Goals

The interface is based on LuaJIT’s FFI, and follows a few principles:

  • The goal is to call C code from Python without learning a 3rd language: existing alternatives require users to learn domain specific language (Cython, SWIG) or API (ctypes). The CFFI design requires users to know only C and Python, minimizing the extra bits of API that need to be learned.

  • Keep all the Python-related logic in Python so that you don’t need to write much C code (unlike CPython native C extensions).

  • The preferred way is to work at the level of the API (Application Programming Interface): the C compiler is called from the declarations you write to validate and link to the C language constructs. Alternatively, it is also possible to work at the ABI level (Application Binary Interface), the way ctypes work. However, on non-Windows platforms, C libraries typically have a specified C API but not an ABI (e.g. they may document a “struct” as having at least these fields, but maybe more).

  • Try to be complete. For now some C99 constructs are not supported, but all C89 should be, including macros (and including macro “abuses”, which you can manually wrap in saner-looking C functions).

  • Attempt to support both PyPy and CPython, with a reasonable path for other Python implementations like IronPython and Jython.

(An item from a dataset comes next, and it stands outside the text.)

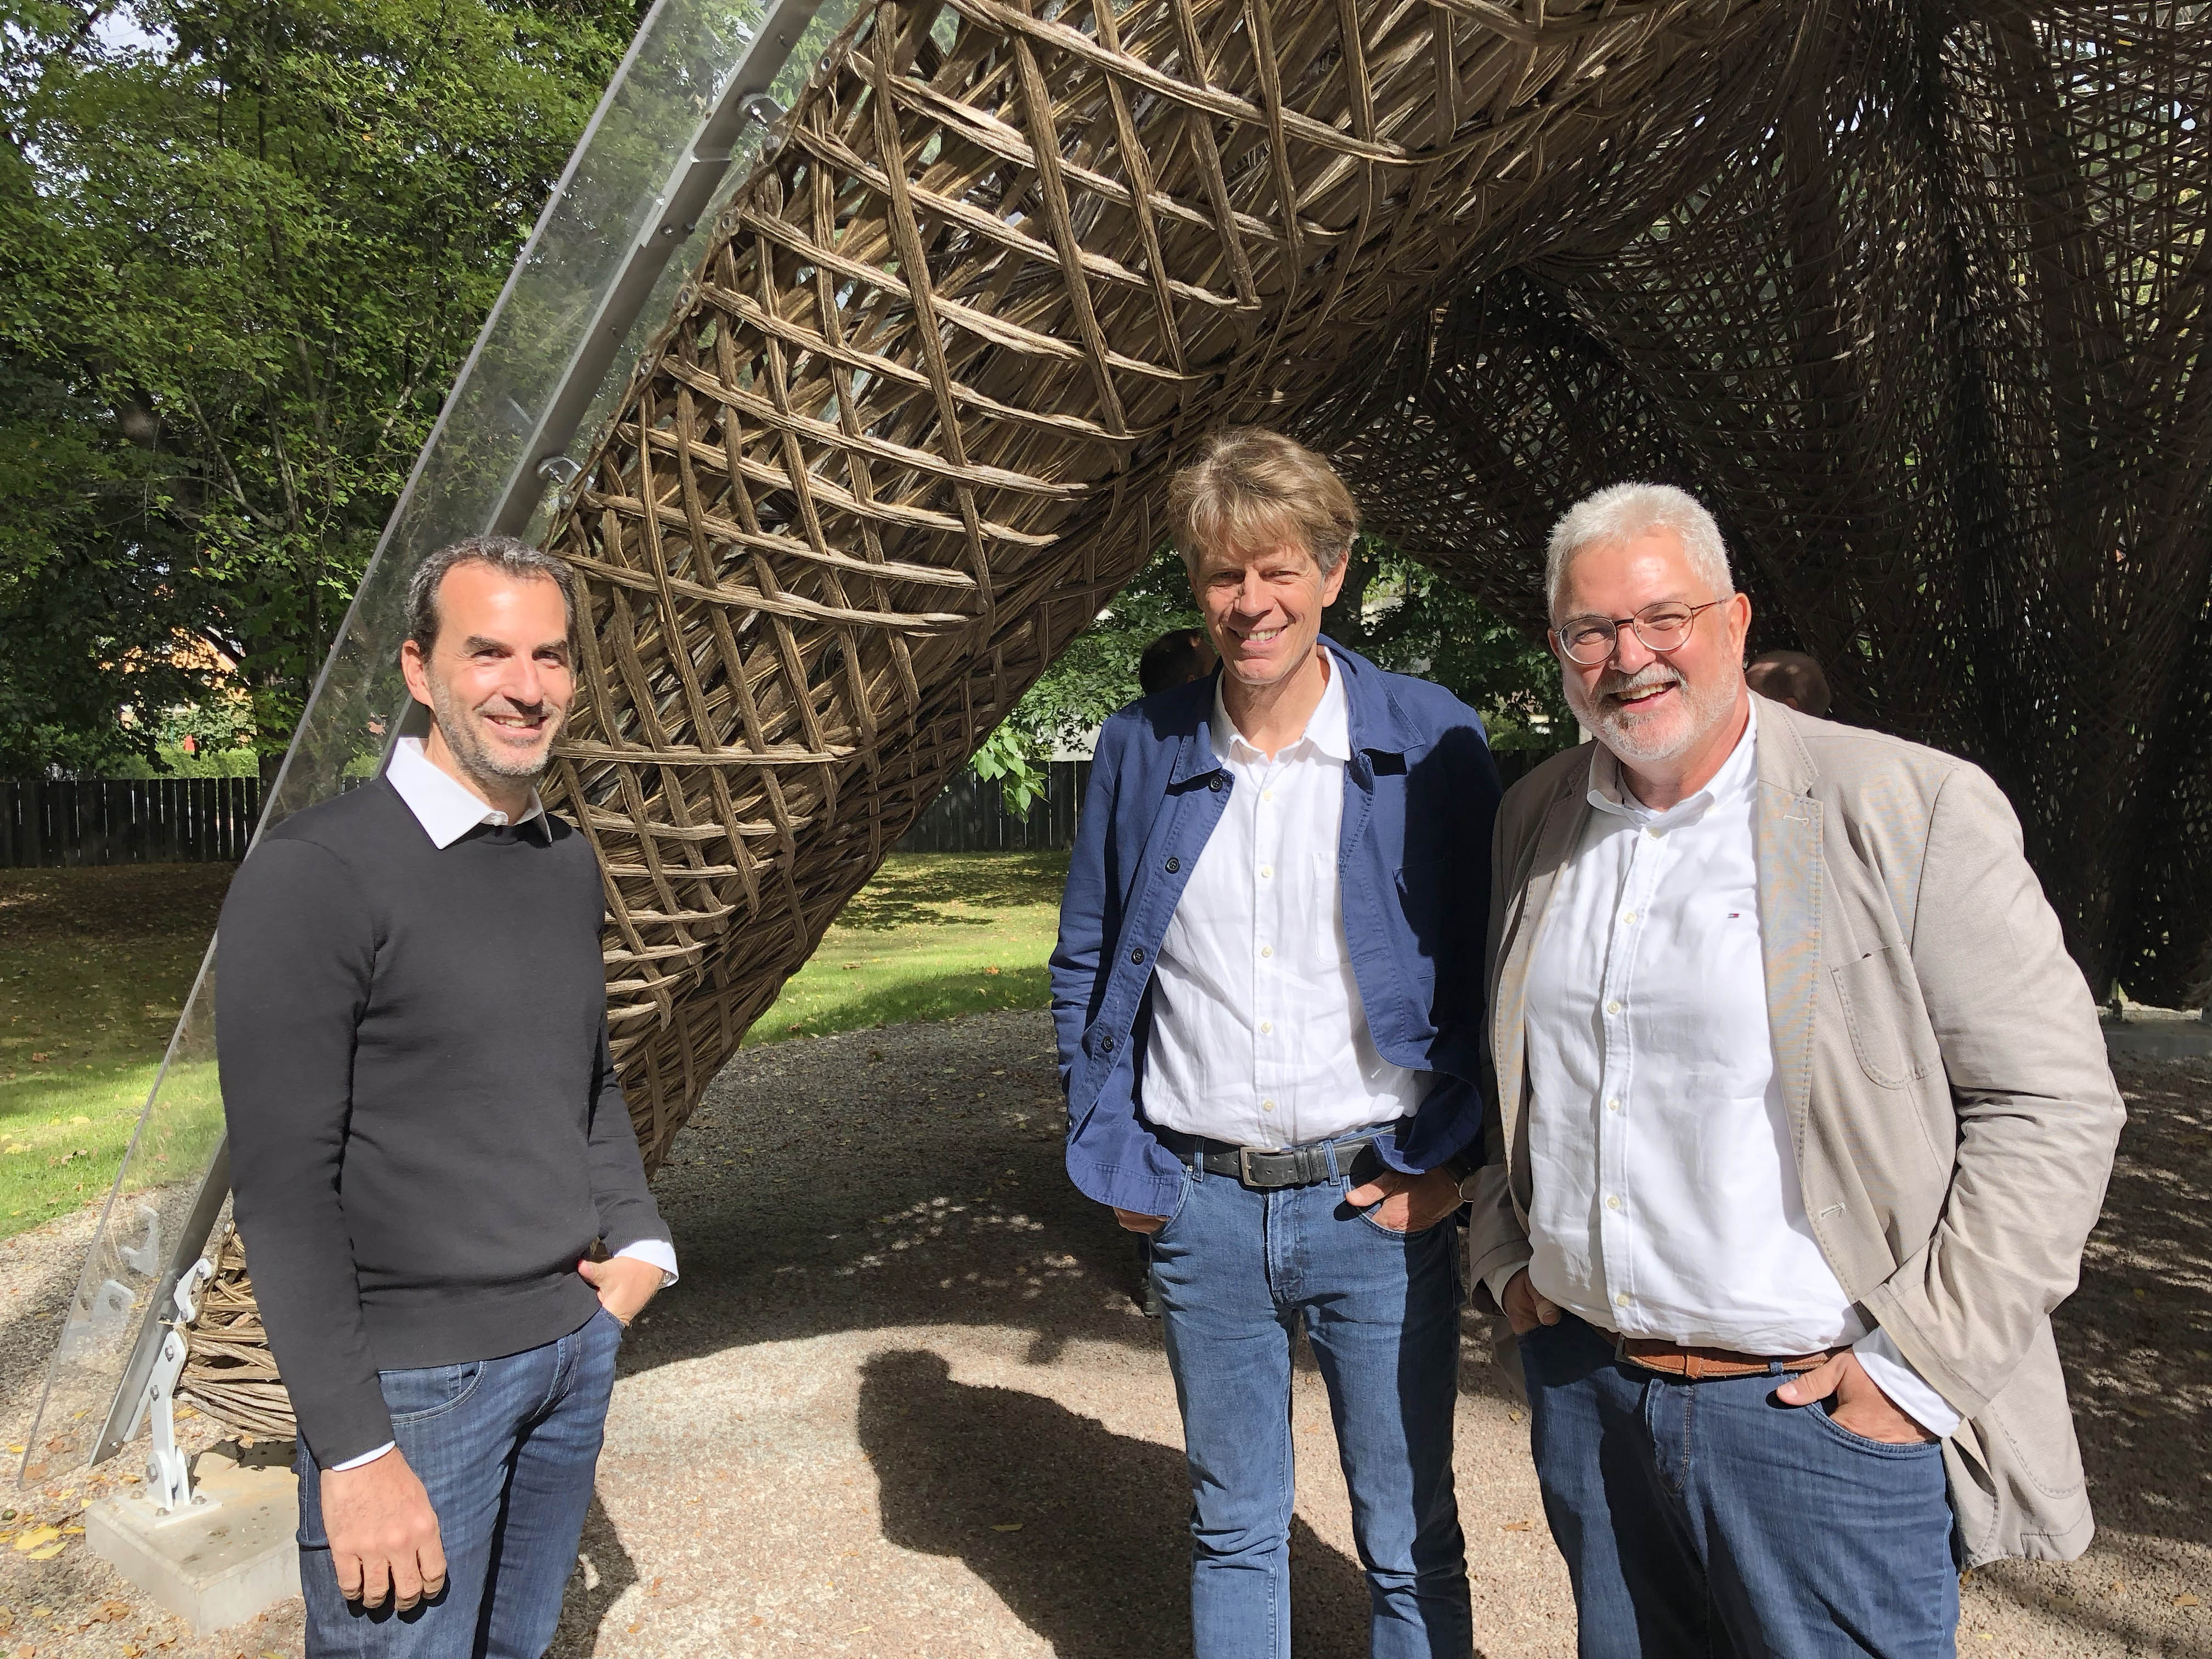 Group picture of three middle-aged men outdoors in front of a support element of the livMatS pavilion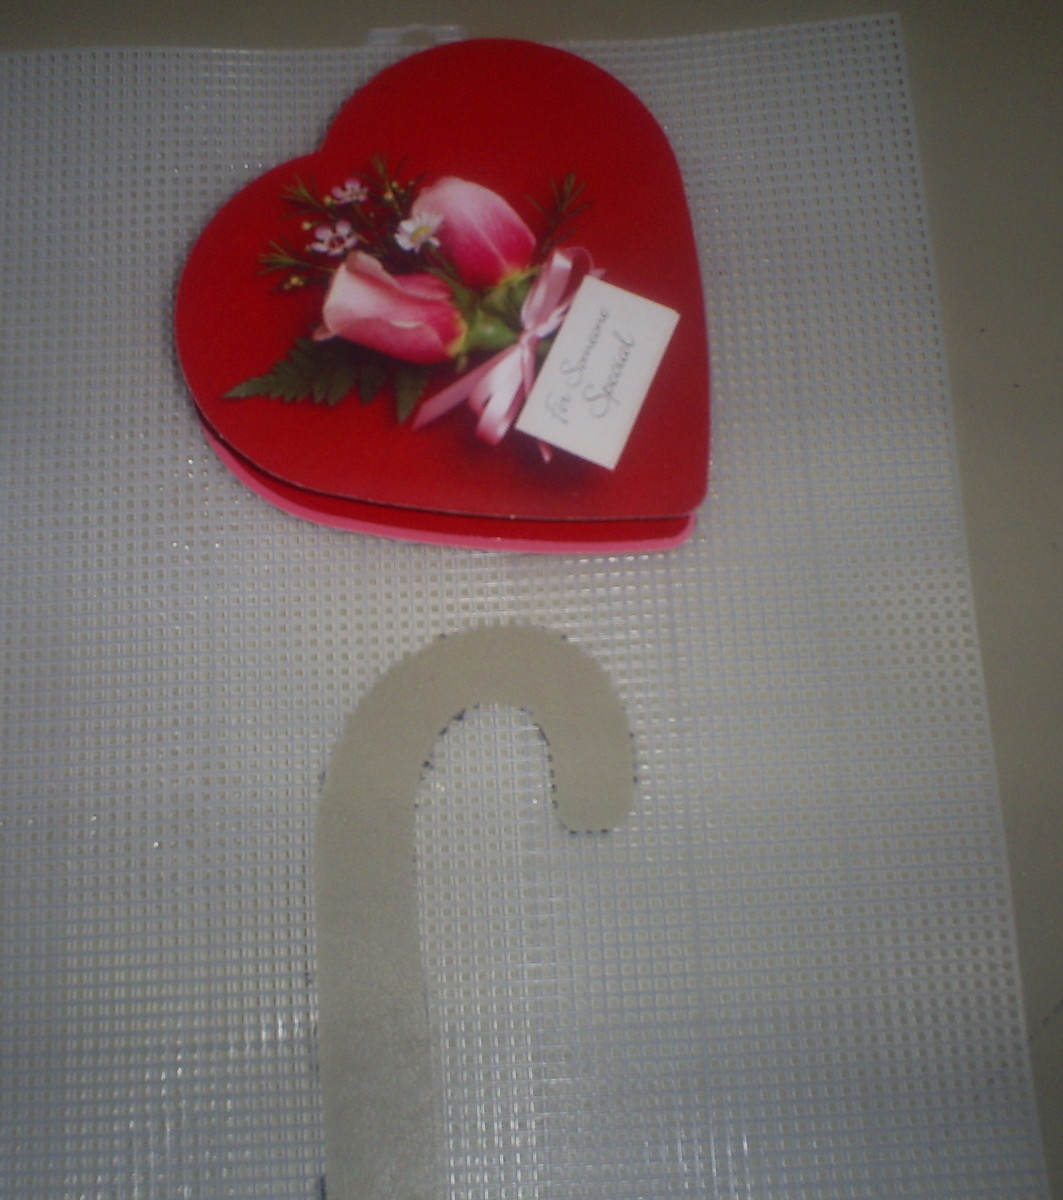 Find a plastic canvas mesh and heart shaped candy box as the template for this project.

  • Note that this project is not about embedding executable C code in Python, unlike Weave. This is about calling existing C libraries from Python.

  • There is no C++ support. Sometimes, it is reasonable to write a C wrapper around the C++ code and then call this C API with CFFI. Otherwise, look at other projects. I would recommend cppyy, which has got some similarities (and also works efficiently on both CPython and PyPy).

Get started by reading the overview.

Comments and bugs

The best way to contact us is on the IRC #cffi or #pypy channels of irc.libera.chat. Feel free to discuss matters either there or in the mailing list. Please report to the issue tracker any bugs.

As a general rule, when there is a design issue to resolve, we pick the solution that is the “most C-like”. We hope that this module has got everything you need to access C code and nothing more.